If you have non-qualified stock options, be sure to understand their basic features such as exercise price, vesting schedule, early exercise availability, grace period on termination, and end date. Also be sure to understand the tax consequences of exercising your options and selling shares to aid in your overall tax planning.
Have questions about non-qualified stock options? Use the form below to ask a question or schedule a complimentary 15-minute discovery call.
As a seasoned expert in the field of employee stock options, I bring forth a wealth of knowledge and practical experience to shed light on the intricacies of non-qualified stock options (NQSOs) and their tax implications. Having navigated the complexities of stock option plans in the technology sector, I'm well-versed in the terminology, legal aspects, and taxation nuances that accompany these financial instruments.
Let's delve into the comprehensive breakdown of the concepts presented in the article:
Non-Qualified Stock Options (NQSOs):
- NQSOs, also known as "non-quals" or NSOs, are a type of stock option provided to employees.
- The term "non-qualified" denotes that these options do not qualify for special income tax treatment.
Basic Features of NQSOs:
- A legal agreement between the employee and the company outlines the terms of the stock option.
- Specifies the number of shares, exercise price (or strike price), and the exercise period (typically 10 years or until employment termination).

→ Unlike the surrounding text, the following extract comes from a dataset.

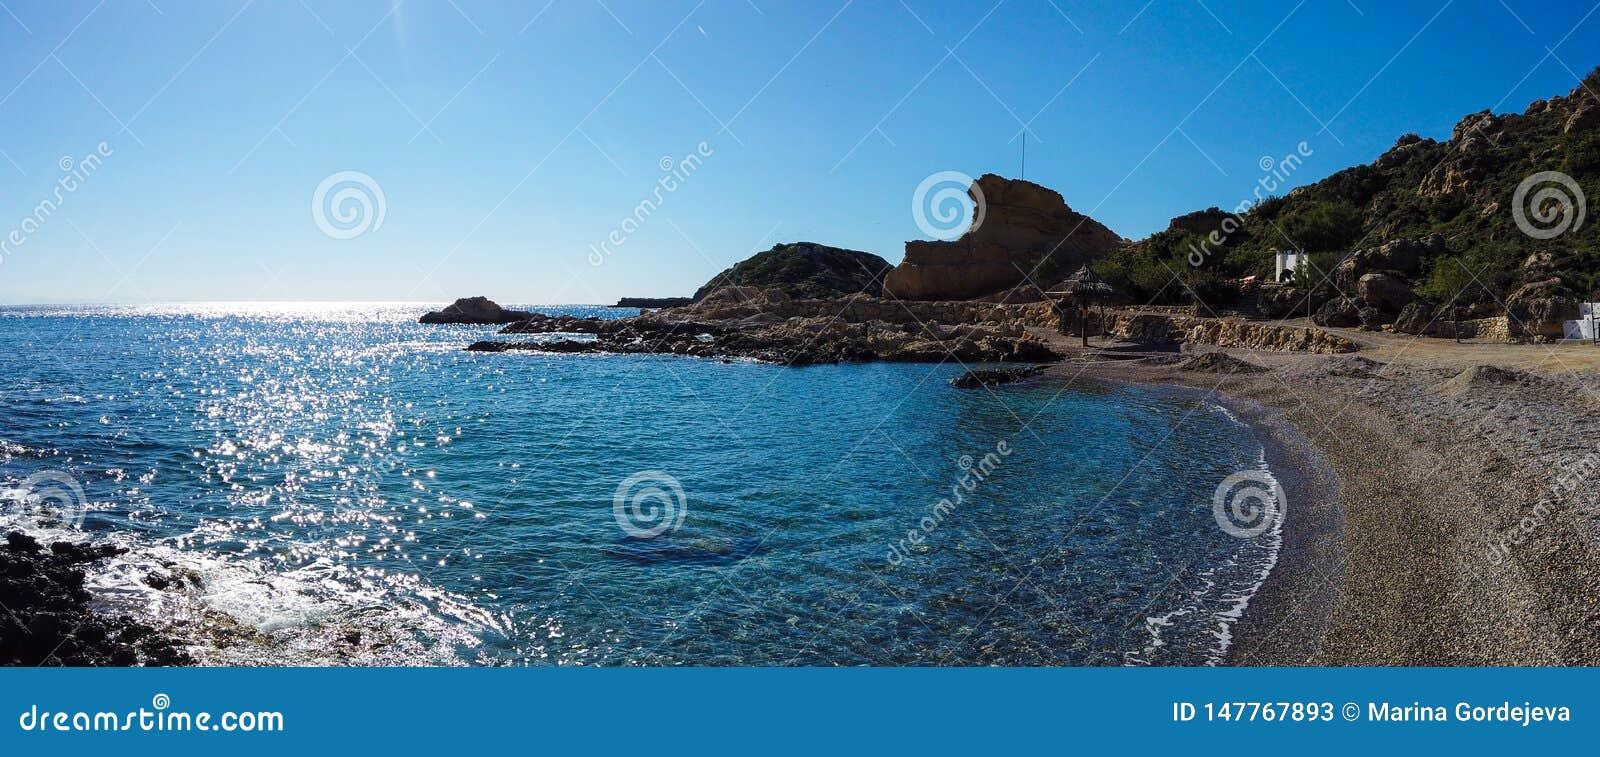 Красивое каменистое побережье Средиземного моря в Греции в солнечном дне Широкоформатный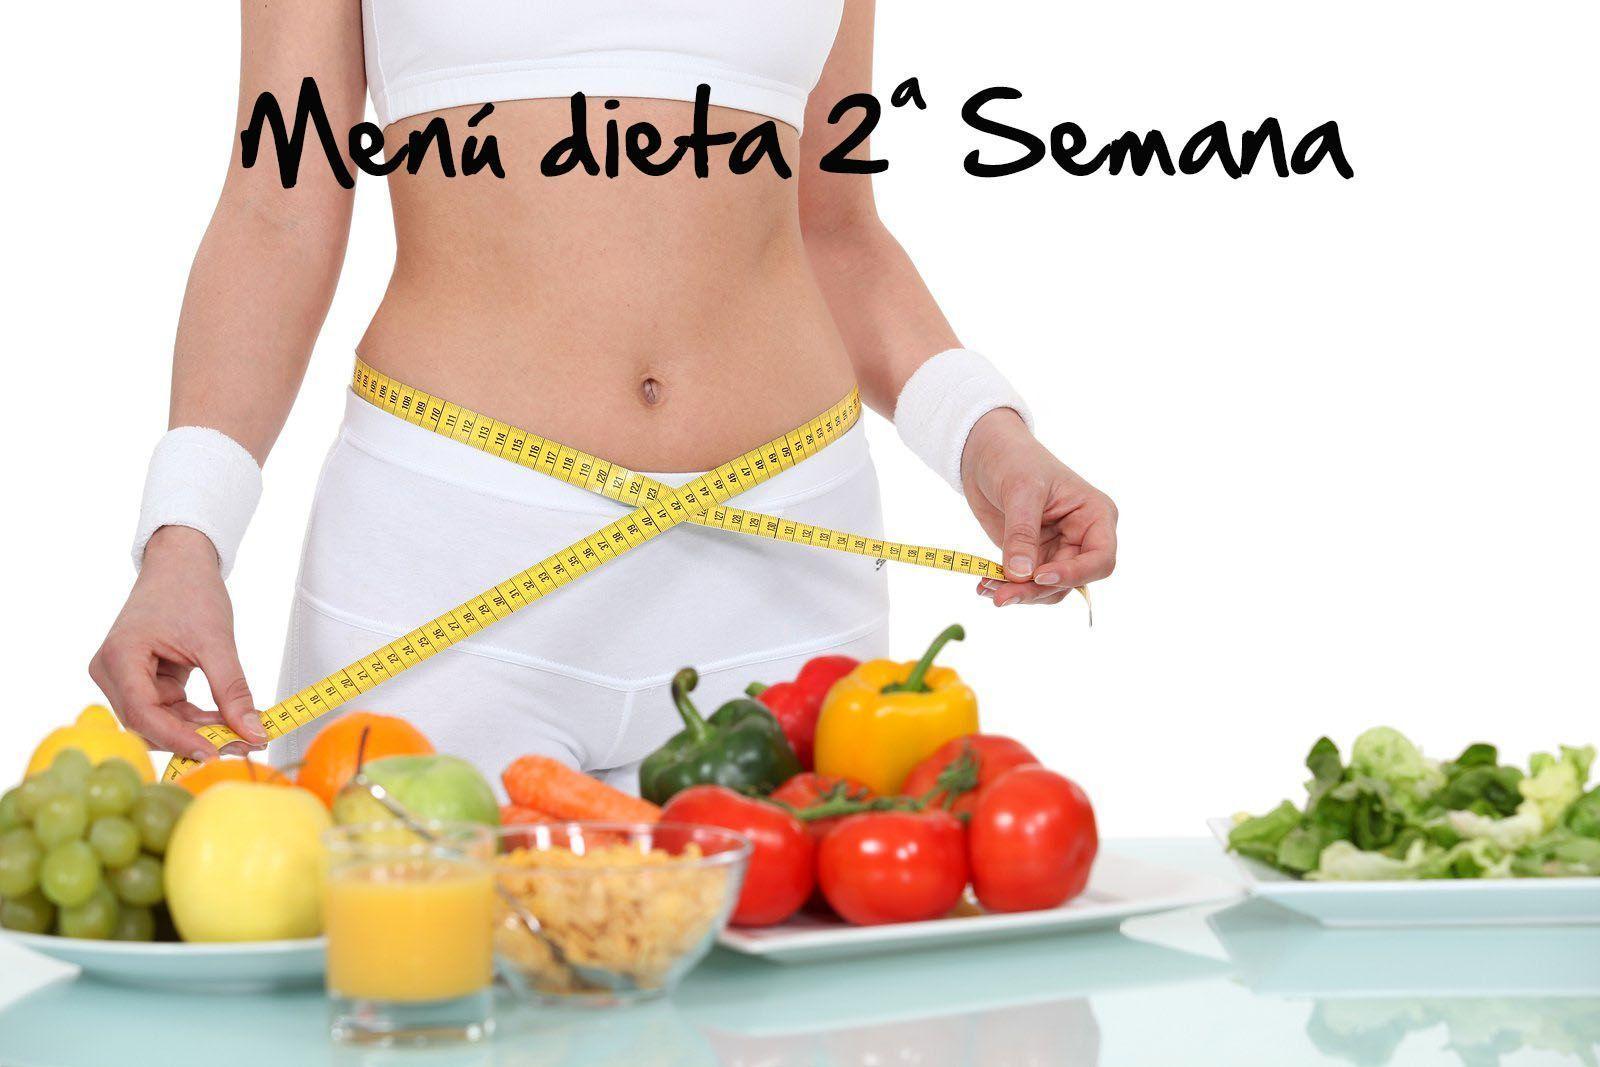 dieta para bajar de peso saludable

- NQSOs are subject to vesting provisions, often spanning four or five years with a one-year "cliff."
- Vesting allows employees to exercise their options only after a specified duration of employment.
Exercise and Value Calculation:
- The value of an option is calculated as the stock price minus the exercise price, multiplied by the number of option shares.
- An option is "in the money" if the stock price is above the exercise price; otherwise, it is "underwater."
Exercise and Sale:
- Employees can choose to exercise their options by informing the company and paying the exercise price.
- After exercising, employees can hold or sell the shares, usually on a public stock exchange.
Taxation of NQSOs:
- Upon exercising NQSOs, the difference between the stock price and the exercise price is taxed as ordinary income.
- No tax consequences occur at the time of receiving the option, only upon exercise.
- Cost basis in the shares is established on the day of exercise.
Capital Gains Tax:
- If shares are held for one year or more, any subsequent gain is taxed at favorable long-term capital gains rates.
- If held for less than one year, gains are taxed at ordinary income tax rates.
Section 83(b) Election:
- Some pre-IPO companies allow early exercising of stock options, and a Section 83(b) election can convert income from ordinary to capital gain.
- This election is advantageous if the option shares are held for at least one year.
- In the event of a company acquisition, option shares may be exchanged for acquiring company shares or converted to cash.
- Understanding the basic features, vesting, early exercise options, and tax consequences is crucial for effective tax planning.
In conclusion, a comprehensive grasp of non-qualified stock options, their features, and associated tax considerations is imperative for employees seeking to optimize their financial outcomes. If you have any queries or require further clarification, feel free to utilize the provided form or schedule a complimentary 15-minute discovery call.